• 04 APR 16
    Cost-cutting employers could fall foul of new National Living Wage rules

    Cost-cutting employers could fall foul of new National Living Wage rules

    Employers who look to find short-cuts and reduce labour costs to meet the new National Living Wage regulations face stiff financial penalties.

    Michael Shroot, commercial partner at Woodcocks Haworth and Nuttall Solicitors, also fears employers could suffer damage to their reputation if they fall foul of the strict new rules, which came into force on April 1.

    Michael, who also heads up the employment law team at WHN, commented: “The National Living Wage is akin to an additional rate of the National Minimum Wage that now applies to workers aged 25 years or older.

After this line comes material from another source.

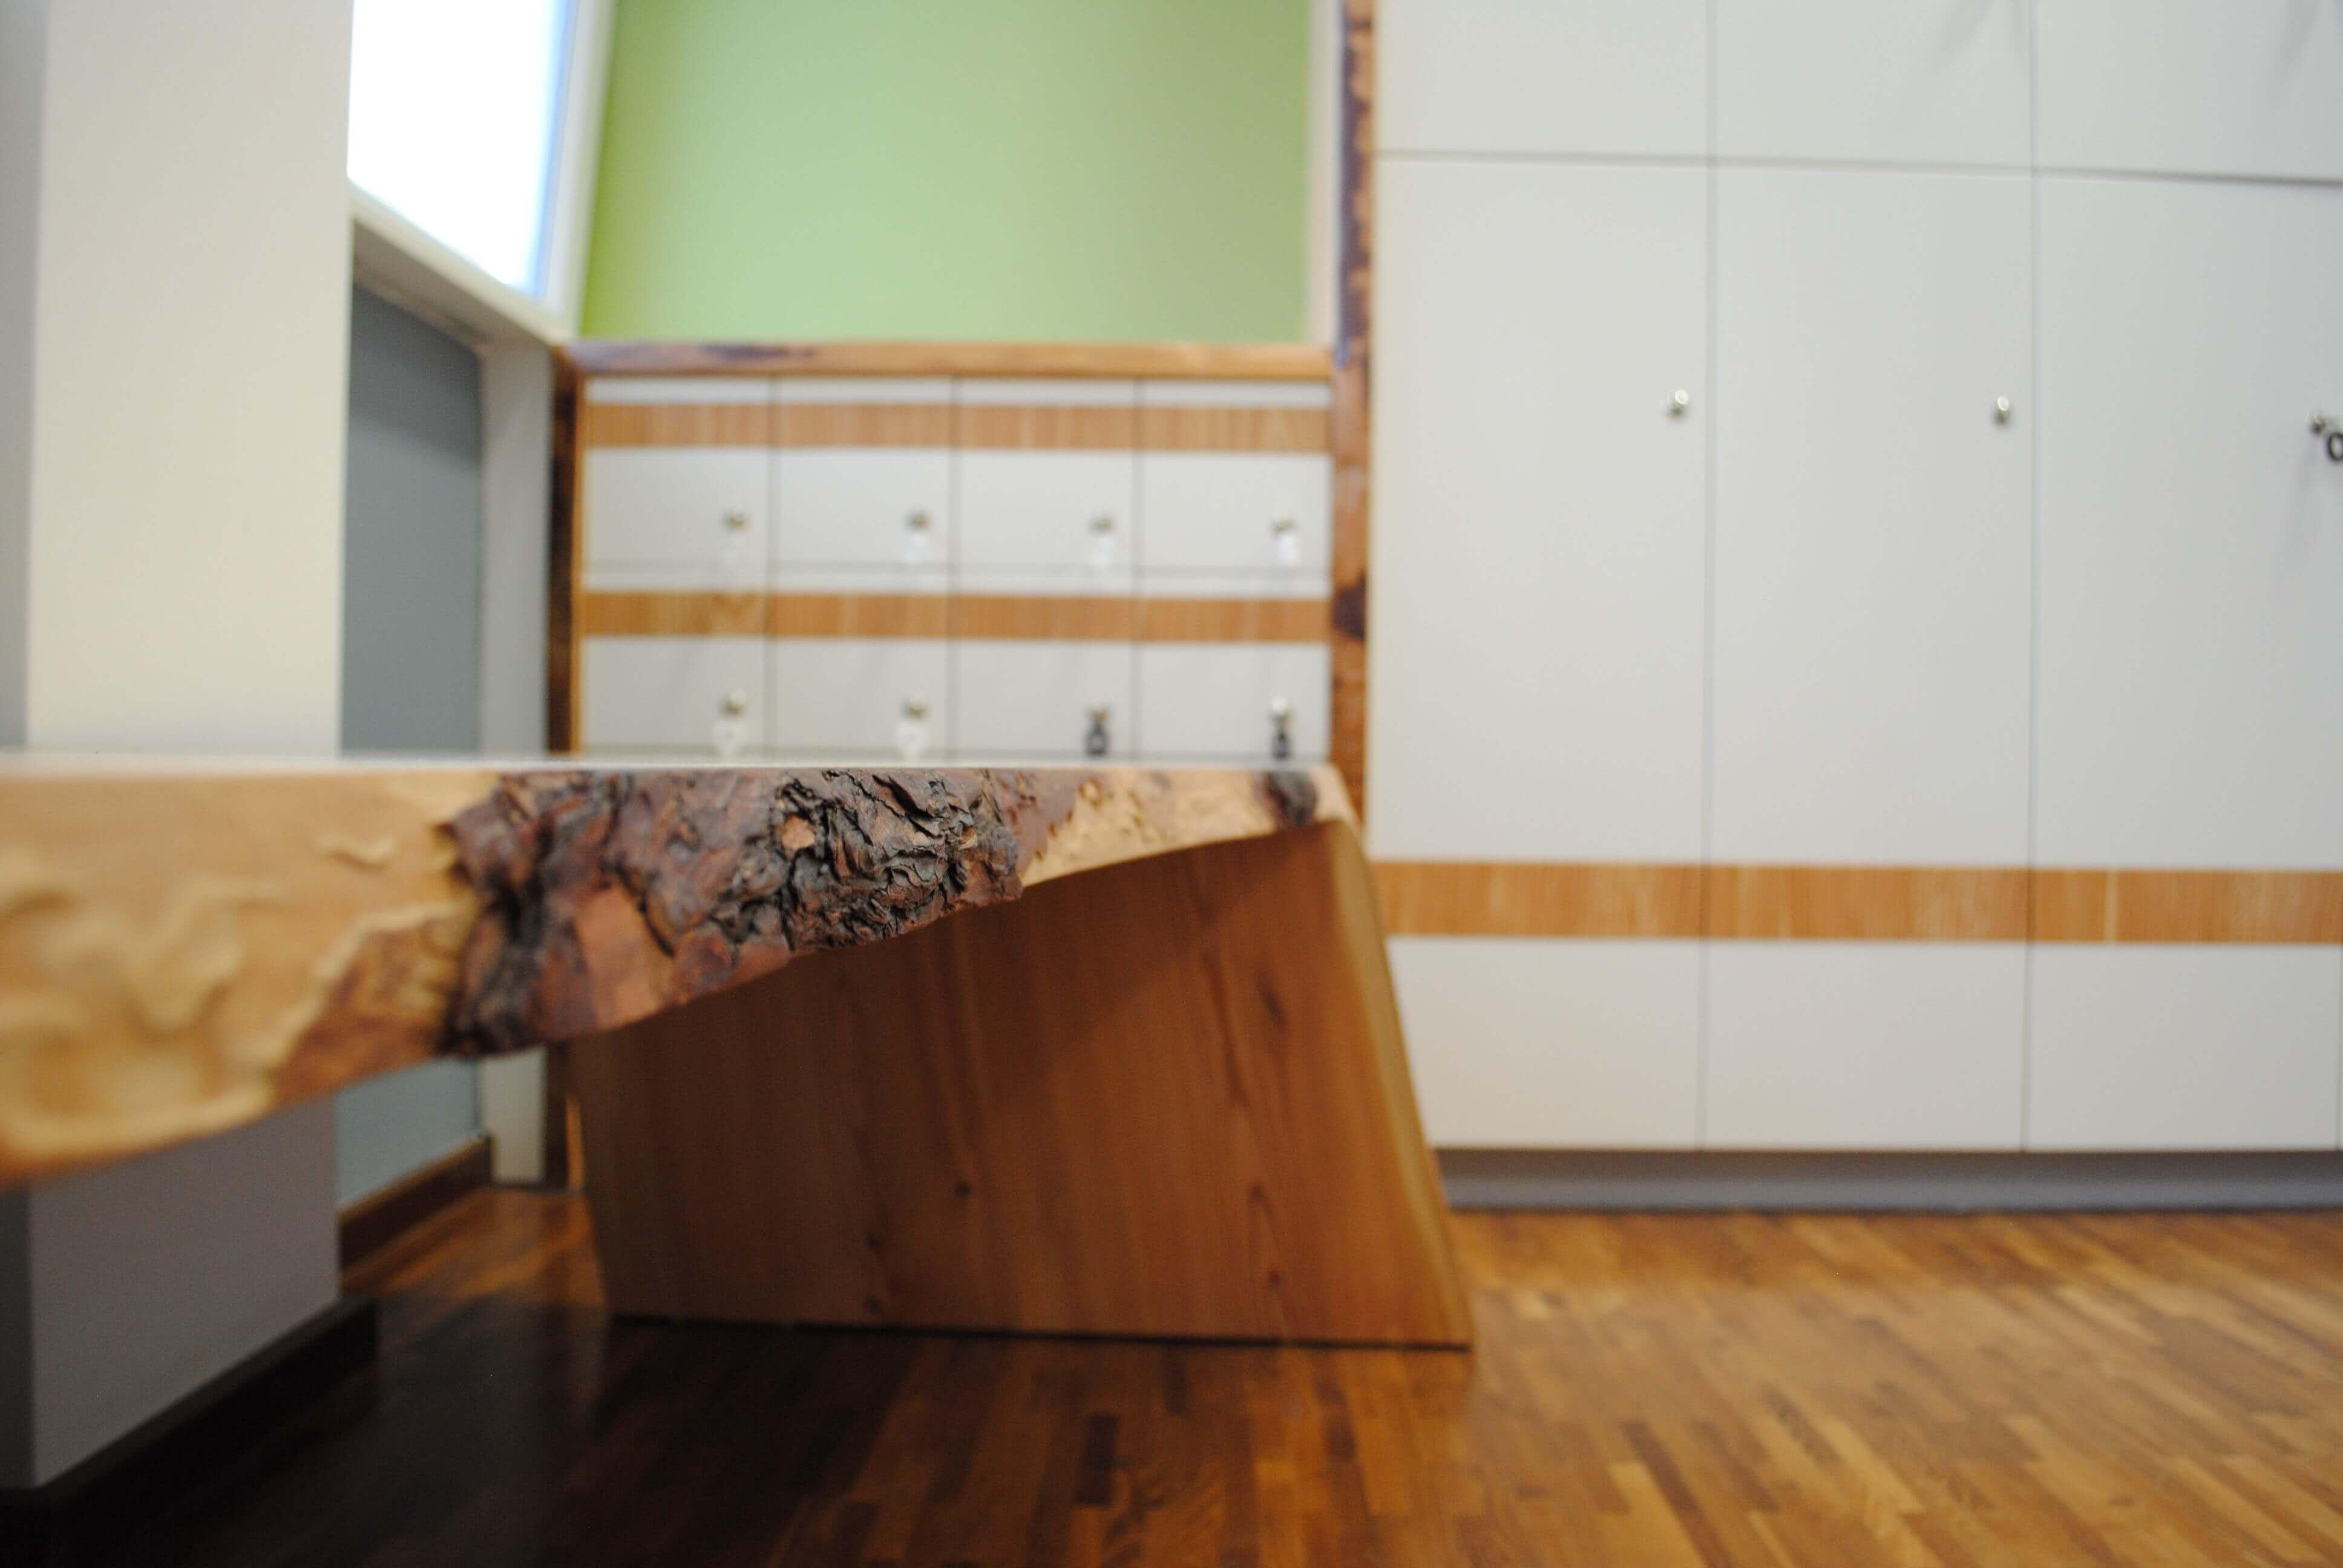 Sitzbank & Spinde Umkleidekabine

    “Many employers are concerned about the impact this will have on the performance of their businesses. Some may be tempted to alter employees’ pay, staffing numbers, and even dismiss people to ensure that their business remains profitable.”

    He continued: “As with any changes to employee contracts, great care has to be taken. Firstly, what an employer cannot do is ignore the National Living Wage.”

    The National Living Wage additional rate has been introduced through the National Minimum Wage Regulations 2015. Michael Shroot believes it could have the same enforcement implications for employers as the National Minimum Wage.

    This can result in employees having the potential to make claims to the Employment Tribunal for underpayment, as well as various government agencies prosecuting an employer. The upshot can be stiff fines and damaging publicity.

    Michael added: “When looking to manage increased costs, employers must carefully assess the implications of cutting overtime rates and certain shift allowances, as this could be regarded as an alteration to the contract of employment. If so, any changes may well require employees’ agreement. Failure to obtain this could result in claims for constructive unfair dismissal, unlawful deductions from wages and other types of legal action.”

    Other potential concerns for employers arise from dismissing employees for reasons relating to a National Living Wage request, or the loss of a bonus because the employer pays the National Living Wage instead.

    Michael advised: “In this type of situation, an employee may be automatically unfairly dismissed if the main reason for dismissal, or the alteration to a contract of employment, relates to qualifying for National Minimum Wage, or a particular rate of it.”

    “Even employees with less than two years continuous service who would not normally enjoy unfair dismissal rights may well have legal protection under the new system.”